Bell's patent turned out to be one of the most lucrative patents ever issued in the United States, and over the next decades he was targeted by nearly every major electrical and telegraph company in America. However, its commercial significance was not immediately understood by contemporaries. Almost immediately after receiving the patent, Bell offered to buy it to Western Union for $100,000, hoping that the proceeds would enable him to pay off his debts. But his proposal did not meet with a response.

Bell demonstrated his phone to audiences in Salem, Boston, and New York. The first broadcasts consisted mainly of playing musical instruments and singing popular arias. Newspapers wrote about the inventor with respect, but his activities brought almost no money.

On June 11, 1877, Bell and Mabel Hubbard were married at the home of the bride's parents, and the young couple sailed to England. This trip played a huge role in the history of the telephone. In England, Bell successfully continued demonstrations that gathered a large number of public. Finally, a "delightful telephone performance" was given to the Queen herself and her family. The titled persons sang, recited and talked to each other over the wires, interrupting themselves with questions about whether they could be heard well. The queen was pleased.
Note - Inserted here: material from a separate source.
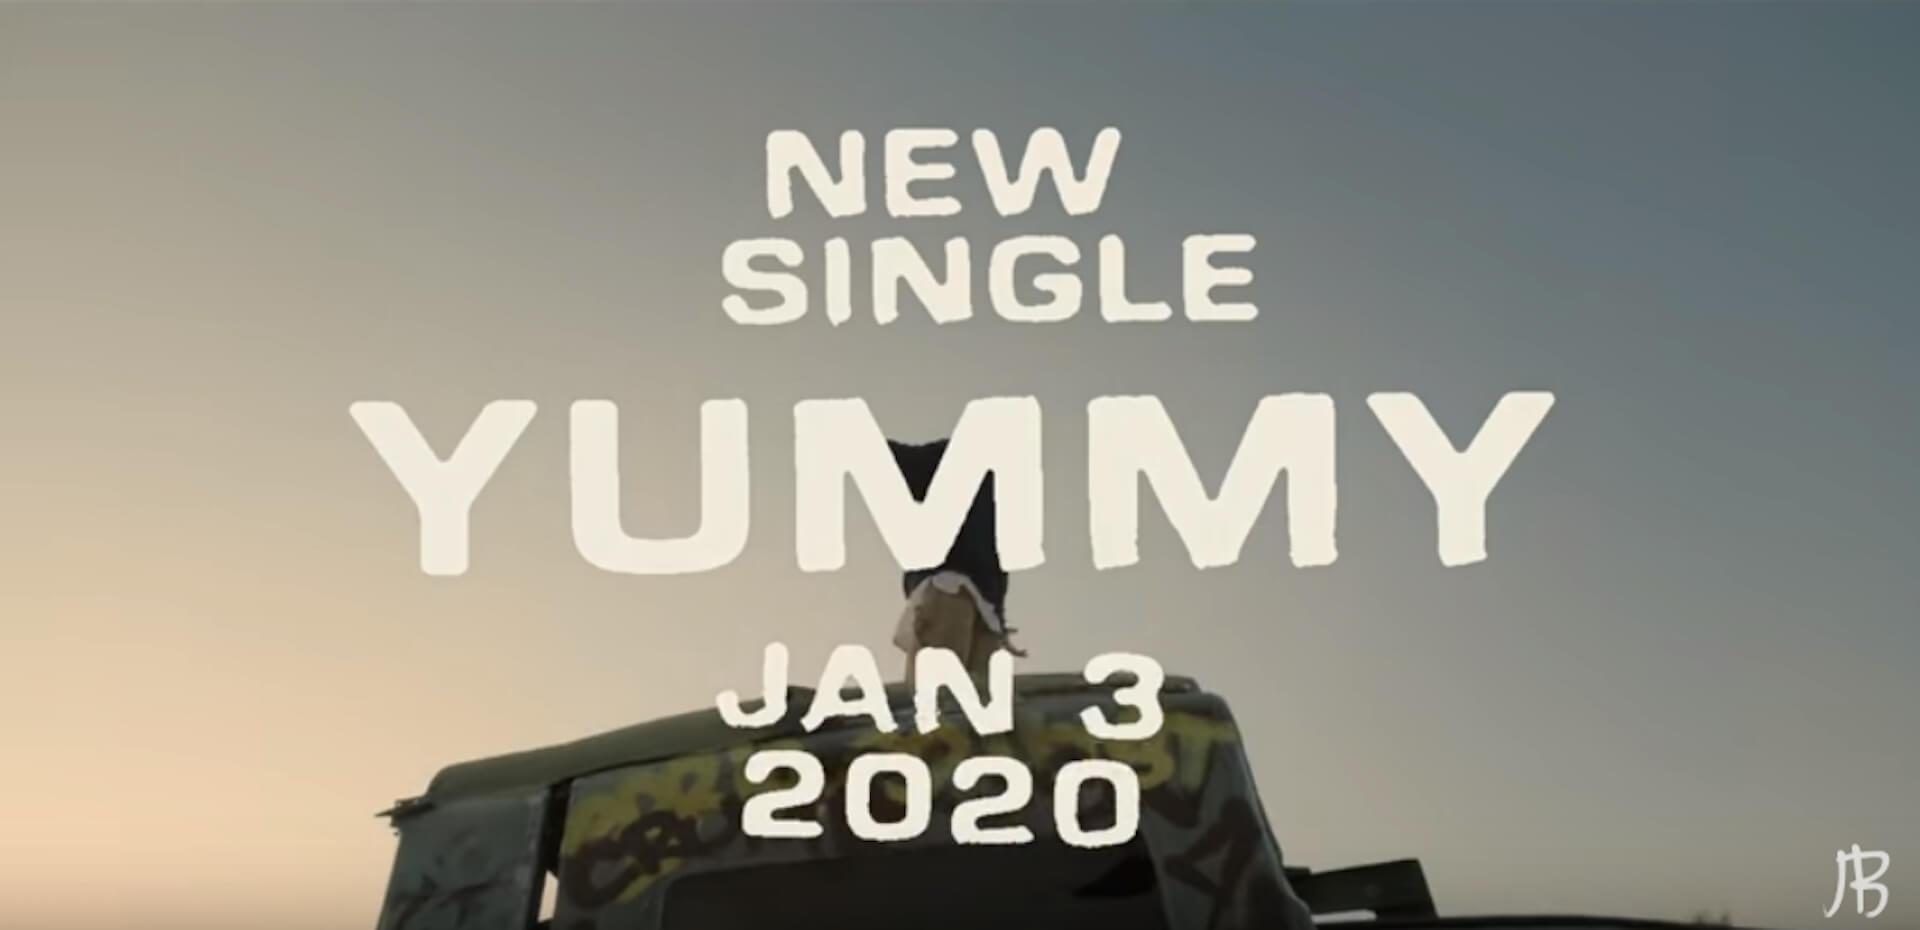 ジャスティン・ビーバーついに復活!新シングル「Yummy」リリース&新ドキュメンタリー発表|全米ツアーも開催 music191225_justinbieber_1

Newspapers made so much noise about the success of the telephone in England that Western Union had to change its attitude towards the invention. The company's president, Orton, reasoned that if the electric telephone was invented by some teacher for the deaf, then specialists like Edison and Gray would be able to create a better device. And at the beginning of 1879, Western Union created the American Speaker Telephone Company, which began producing telephones, ignoring Bell's patent rights.
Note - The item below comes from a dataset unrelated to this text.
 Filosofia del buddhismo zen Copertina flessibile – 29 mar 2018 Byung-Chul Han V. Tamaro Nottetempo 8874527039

Bell's supporters took out loans, created the New England Telephone Company in response, and rushed into battle. The result of the struggle, however, was the creation at the end of 1879 of the united Bell Company. In December of that year, the stock price rose to $995. Bell became an extremely wealthy man. Wealth was accompanied by fame and worldwide fame. France awarded him the Volta Prize, established by Napoleon, in the amount of 50 thousand francs (before Bell, this prize was awarded only once), and made him a Knight of the Legion of Honor. In 1885 he took American citizenship.

In one of his letters to his companions, Bell, for the first time in history and at the same time in great detail, outlined a plan for creating a telephone network, based on a central switch. In the letter, he insisted that for advertising purposes it would be desirable to install telephone sets free of charge in the central stores of the city.

On the rainy morning of August 4, 1922, all telephones in the United States and Canada were turned off for a minute. America buried Alexander Graham Bell. 13 million telephone sets of all kinds and designs fell silent in honor of the great inventor.